Housing Double-Dip With Worse To Come

Home prices reached a double dip according to Case-Shiller. “Data through March 2011, released today by Standard & Poor’s for its S&P/Case-Shiller1 Home Price Indices, the leading measure of U.S. home prices, show that the U.S.National Home Price Index declined by 4.2% in the first quarter of 2011, after having fallen 3.6% in the fourth quarter of 2010. The National Index hit a new recession low with the first quarter’s data and posted an annual decline of 5.1% versus the first quarter of 2010. Nationally, home prices are back to their mid-2002 levels,” the firm reported.

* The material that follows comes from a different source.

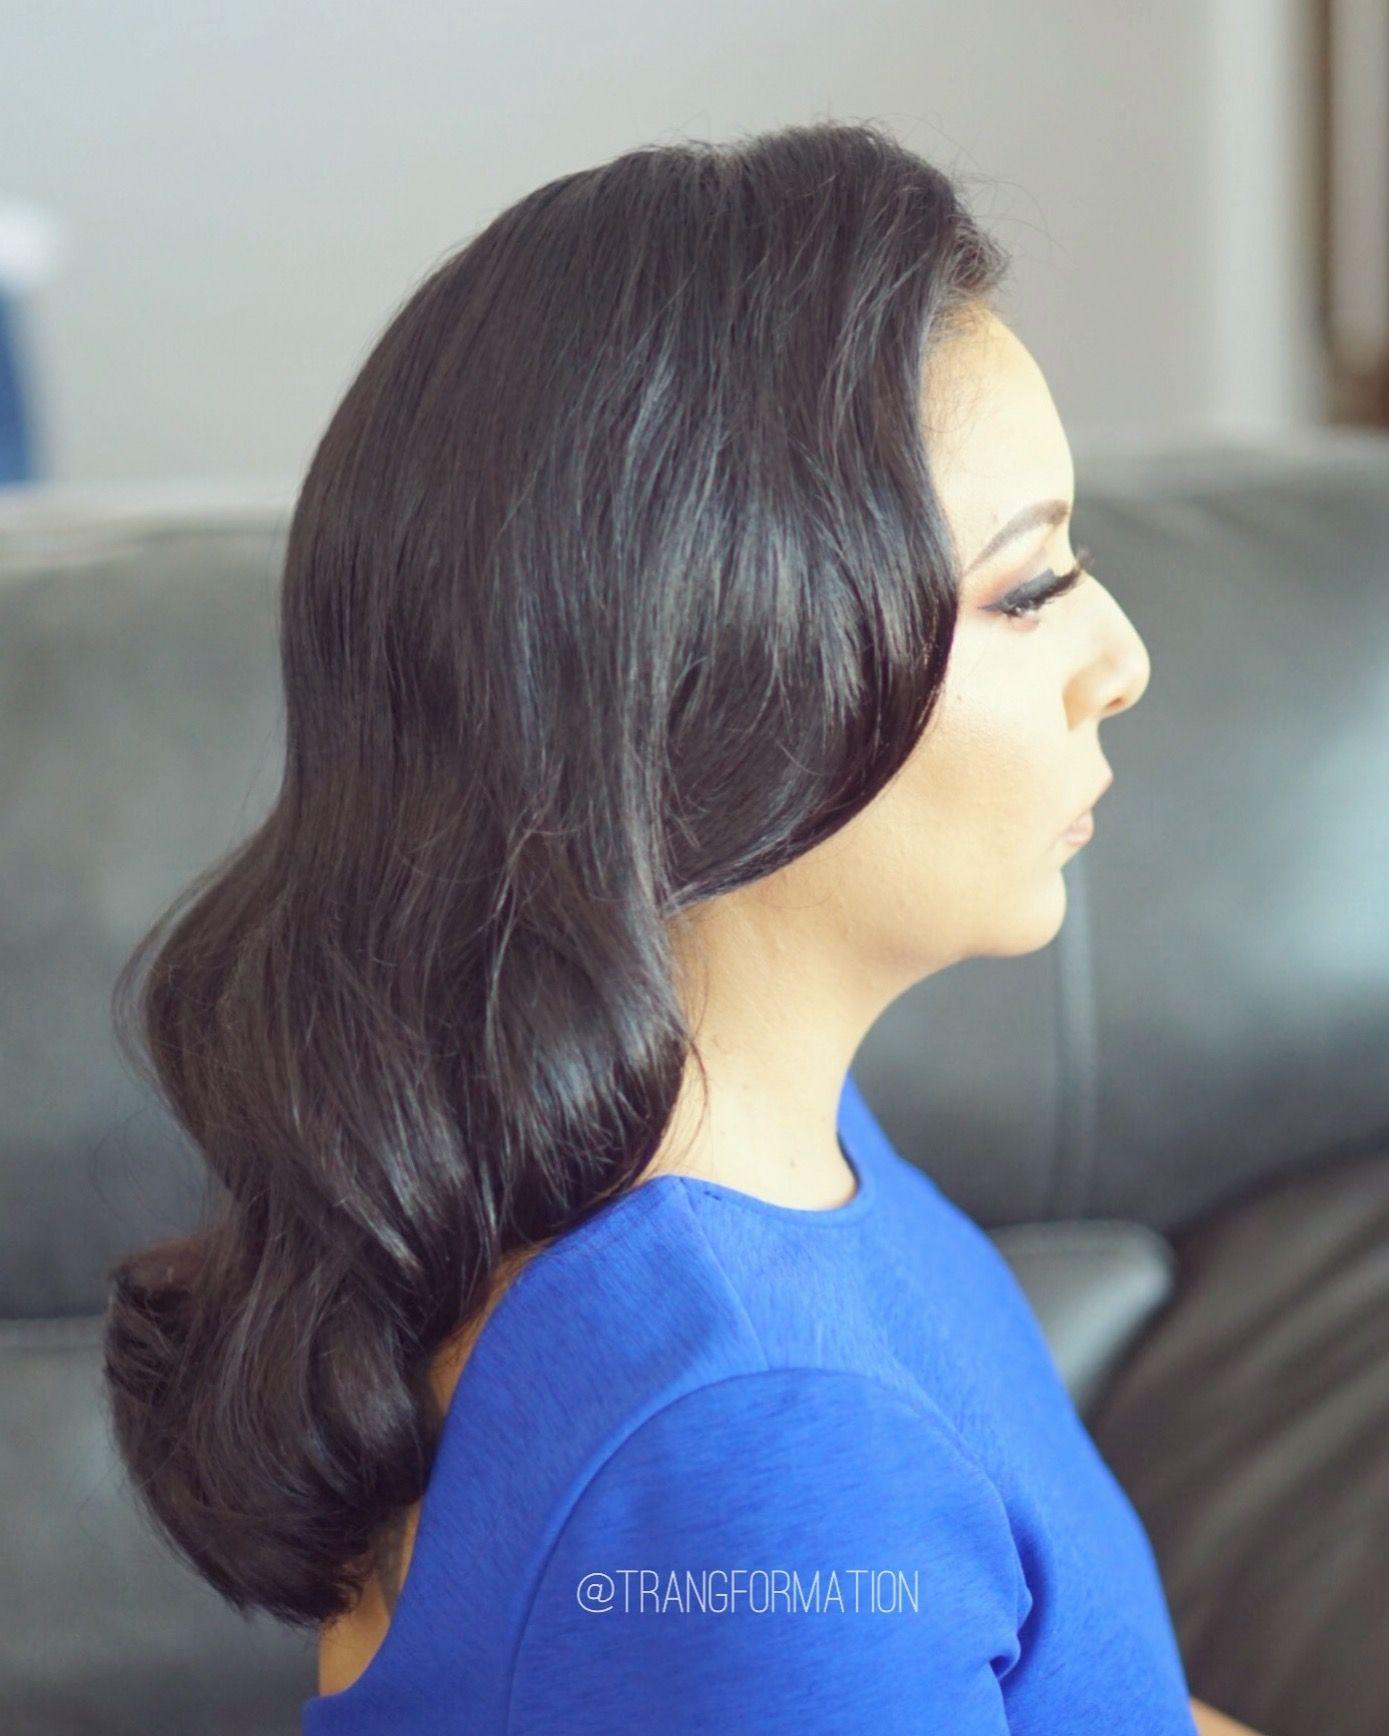 Hair, waves, Hollywood glam, glamorous hairstyle, bridal ...

The markets hardest hit was Minneapolis, which was down 10% year-over-year in March. Prices were down 7.6% in Chicago, and Portland. Home prices fell 8.4% in Houston and 7.5% in Seattle, according to the Case-Shiller Composite of the 20 largest cities in the US.

The drop is almost certainly not over. The number of mortgages which are underwater is now about 20% of US home loans. These houses cannot be sold without their owners paying their banks at closing. Foreclosed homes sold by banks are nearly a quarter of the inventory in most months. These homes sell for a large discount to non-foreclosed properties.

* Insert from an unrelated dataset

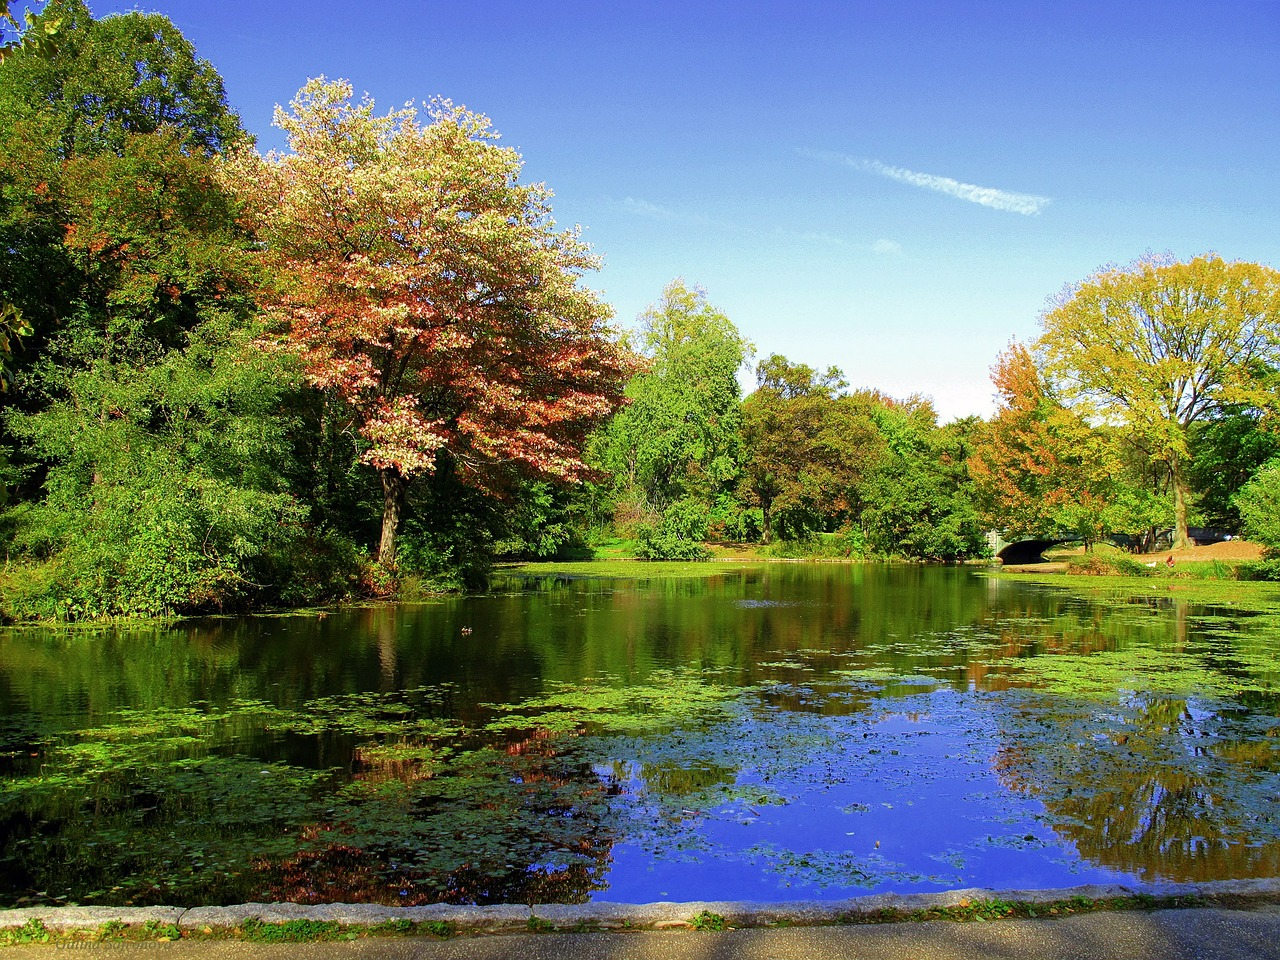 Top 10 best parks in Brooklyn

Foreclosures have dropped a small amount in the last quarter, but this is primarily due to backlogs at financial firms caught in the robo-signing scandal. It is expected that there will be a surge of foreclosures once this issue is resolved. Experts estimate that the shadow inventory held by banks–foreclosed homes which have not come onto the market yet–at between 2 million and 3 million.

Finally, there is the issue of a slowing economy. Goldman Sachs has cut its forecast for US GDP growth twice in the last month. Weekly jobless claims filings have been above 400,000 for over a month, an indication that unemployment improvement has stalled.